PROBLEM DETAILS:
Only the lines below from the one that holds "Brutaism website design" through the one that holds "Navy Blue Mid-Rise" should appear in the answer, copied exactly, end lines included and pictures omitted.

----- TASK MATERIAL -----

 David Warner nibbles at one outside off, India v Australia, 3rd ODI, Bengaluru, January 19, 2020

-----
----- TASK MATERIAL -----

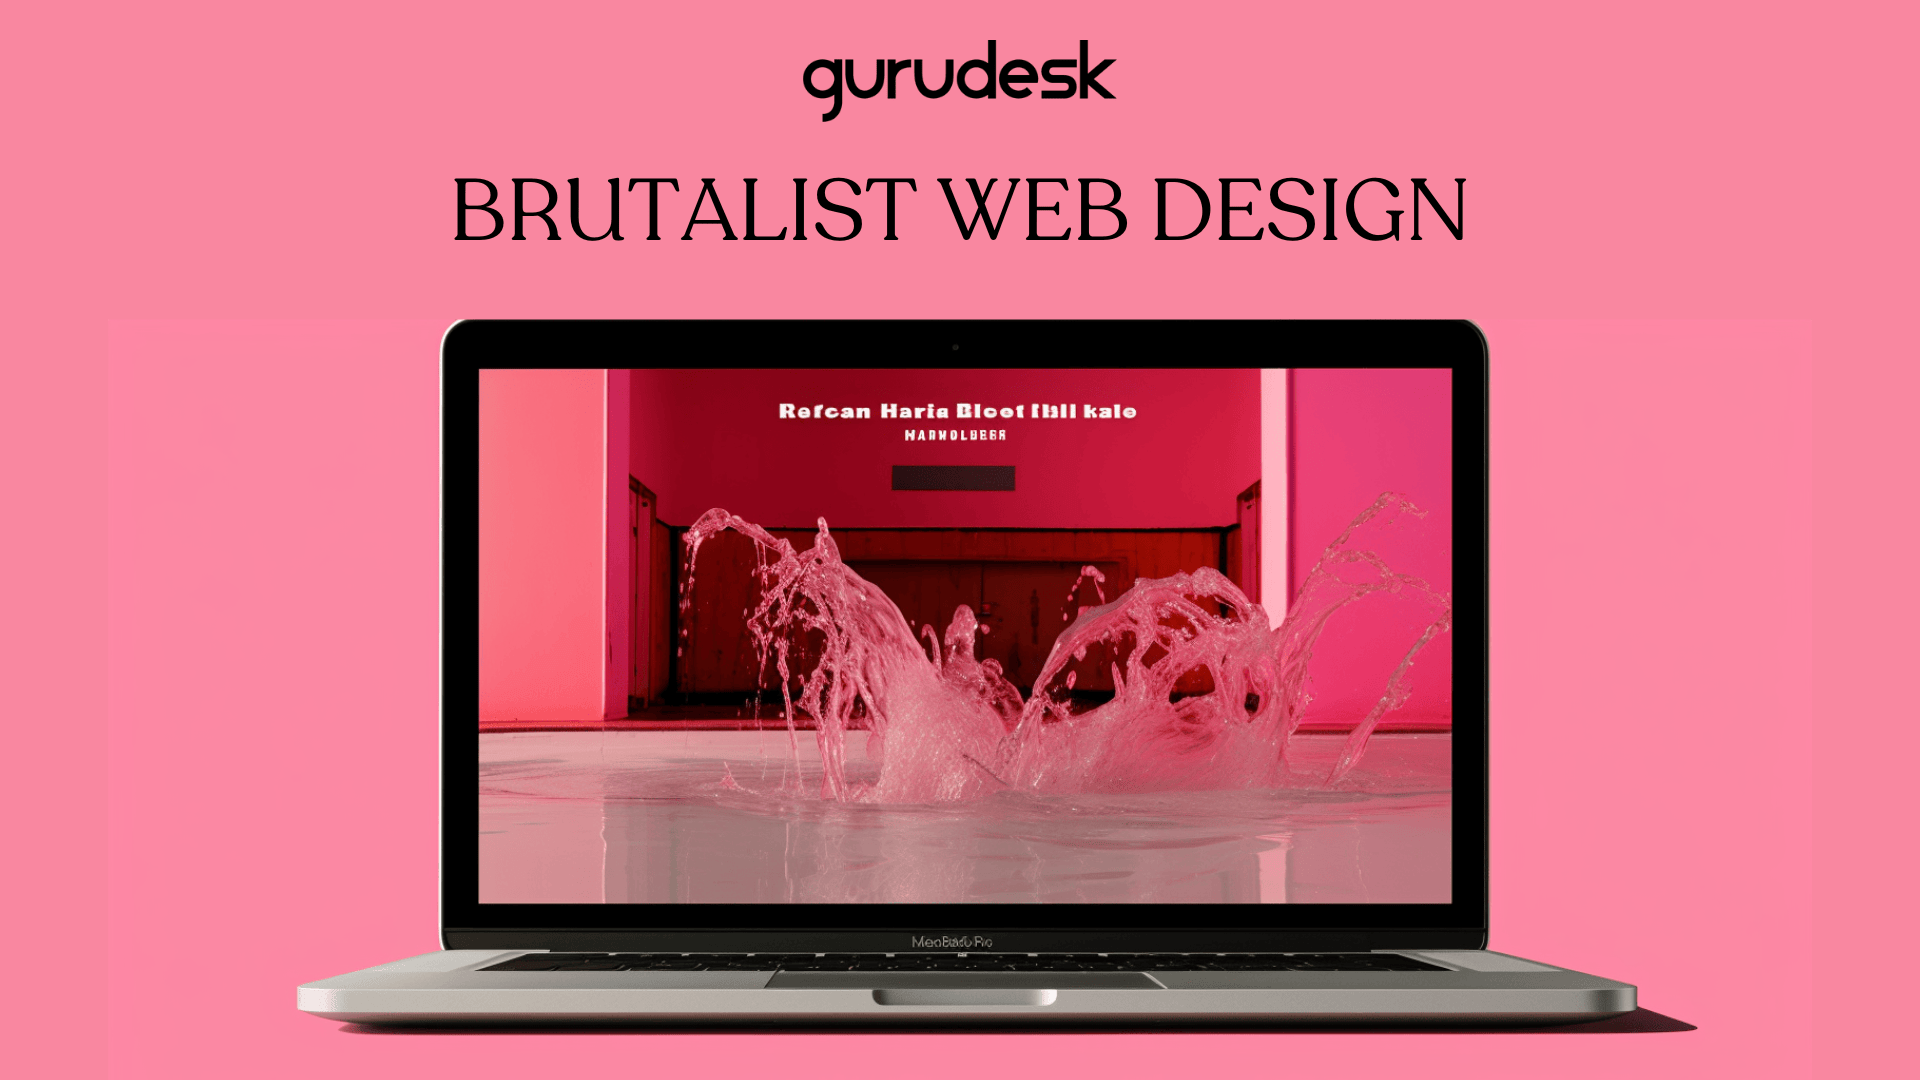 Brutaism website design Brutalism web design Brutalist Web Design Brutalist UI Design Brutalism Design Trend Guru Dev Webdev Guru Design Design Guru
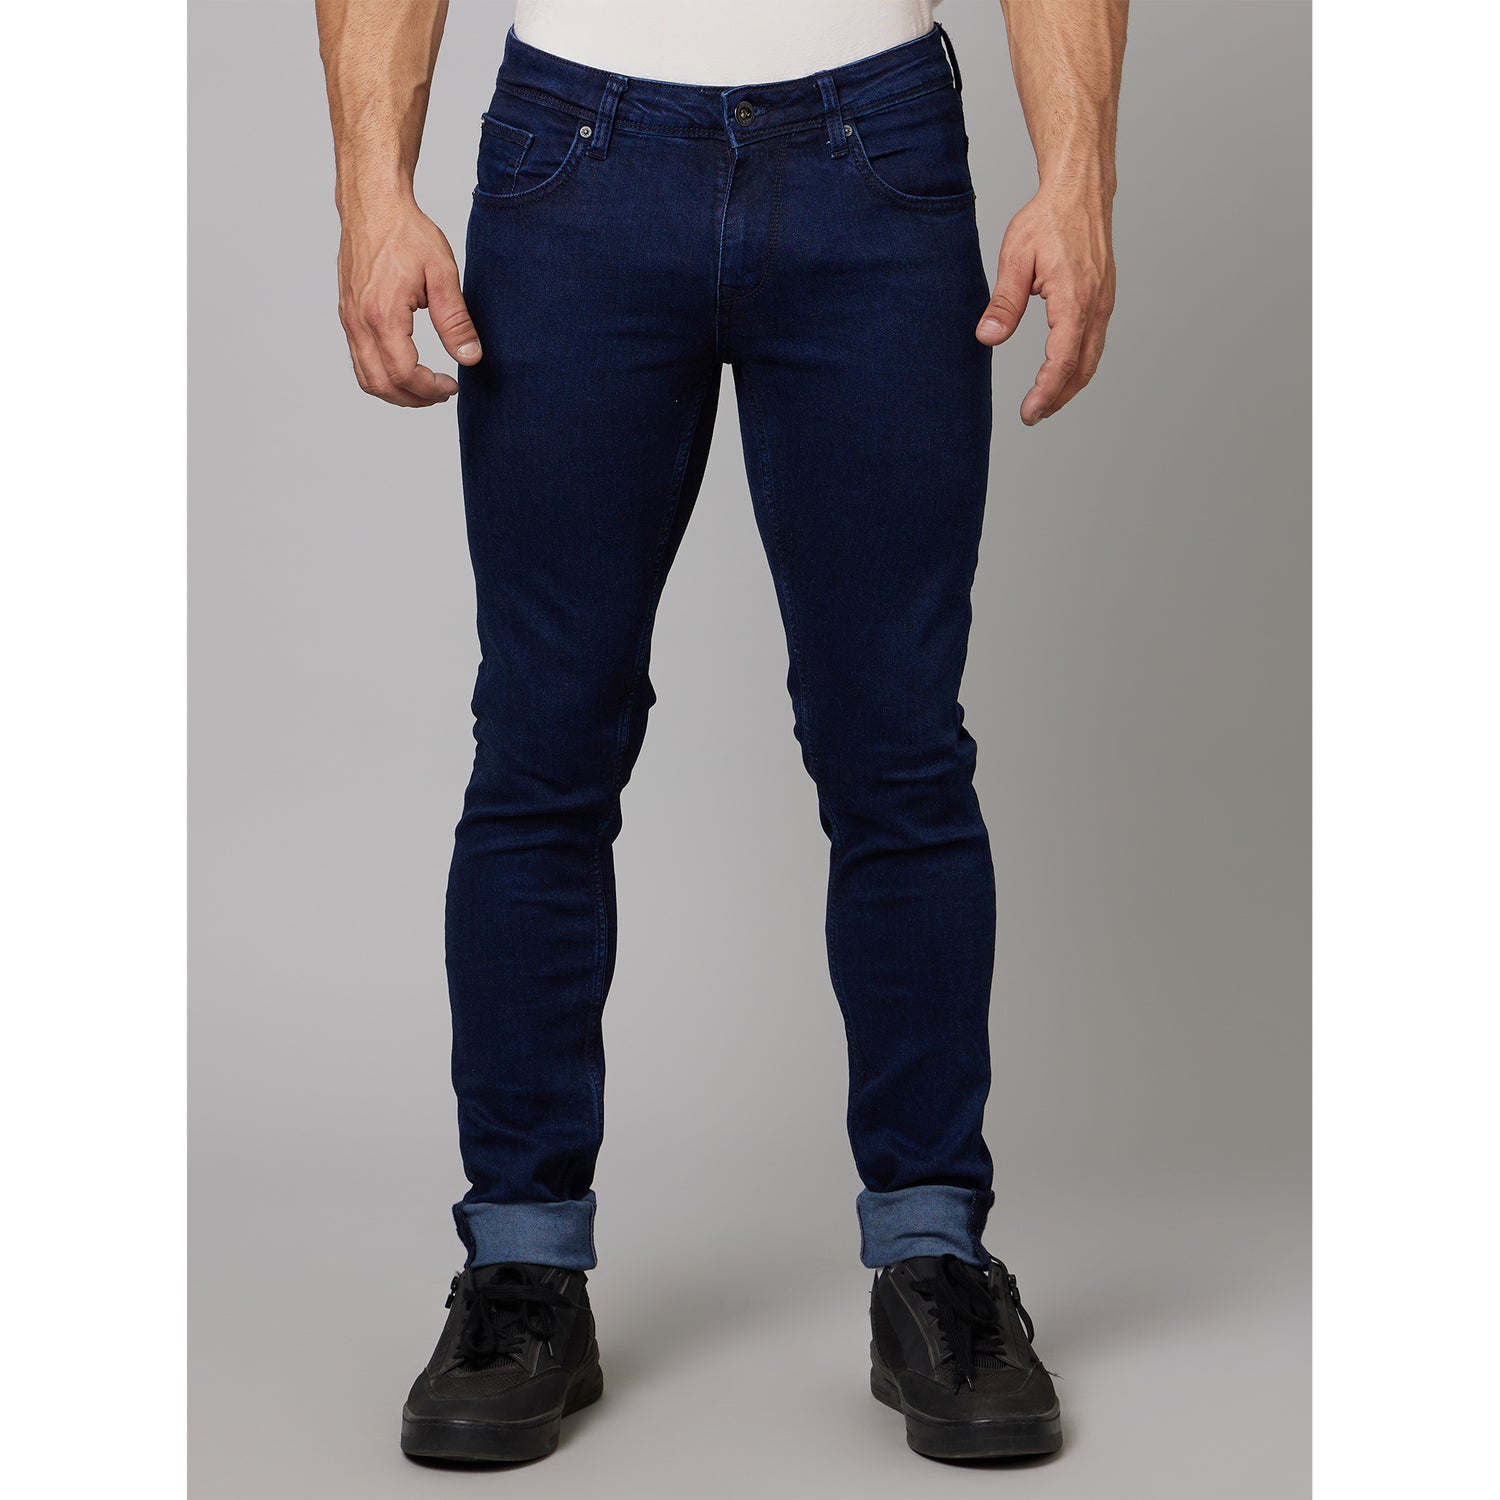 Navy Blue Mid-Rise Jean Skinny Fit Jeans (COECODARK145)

-----
----- TASK MATERIAL -----

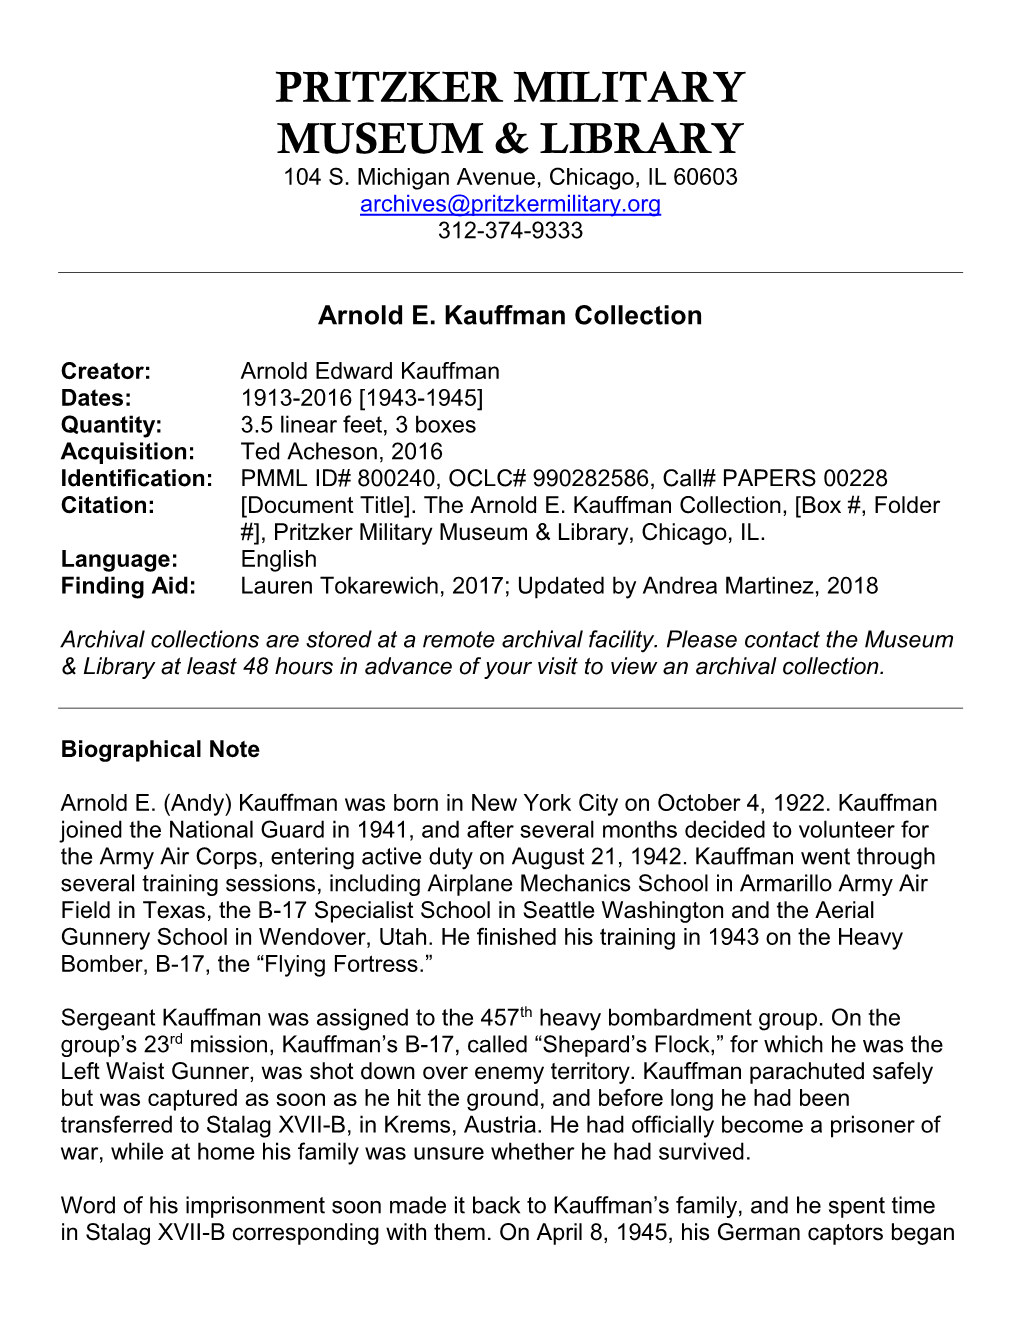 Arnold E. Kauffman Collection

-----

RESPONSE:
 Brutaism website design Brutalism web design Brutalist Web Design Brutalist UI Design Brutalism Design Trend Guru Dev Webdev Guru Design Design Guru
 Navy Blue Mid-Rise Jean Skinny Fit Jeans (COECODARK145)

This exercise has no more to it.